> _WHAT TO PRODUCE_
From the line containing "and the rear engine mounting bolt." to the end of the entries, return every line exactly, both ends included, and add nothing.
*** Opening SUPPLIED MATERIAL ***
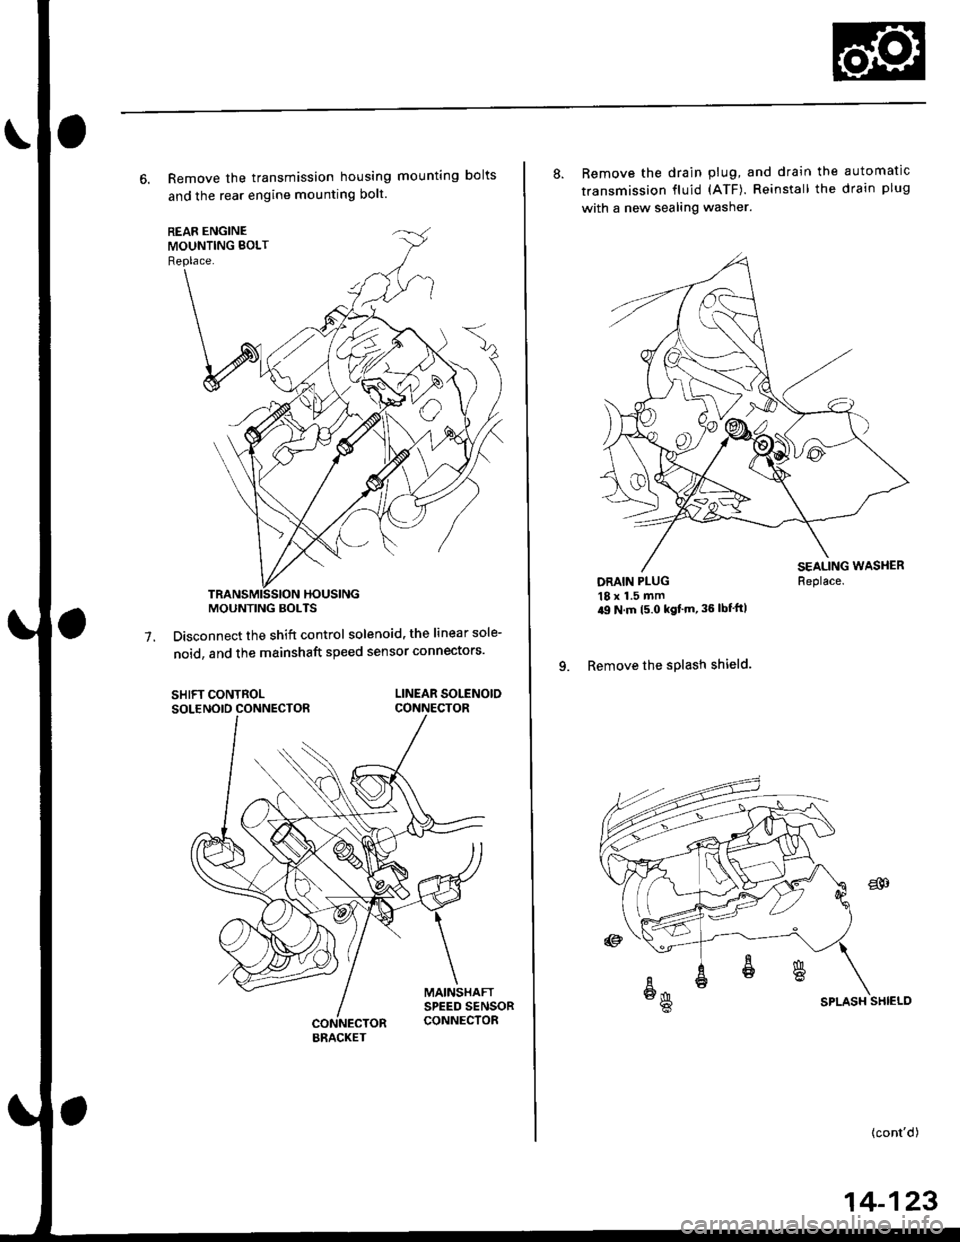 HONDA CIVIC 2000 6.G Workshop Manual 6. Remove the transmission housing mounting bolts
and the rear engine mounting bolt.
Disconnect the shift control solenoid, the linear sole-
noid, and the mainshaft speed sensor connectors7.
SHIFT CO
*** Closing SUPPLIED MATERIAL ***
> _SOLUTION TO THE PROBLEM_
and the rear engine mounting bolt.
Disconnect the shift control solenoid, the linear sole-
noid, and the mainshaft speed sensor connectors7.
SHIFT CO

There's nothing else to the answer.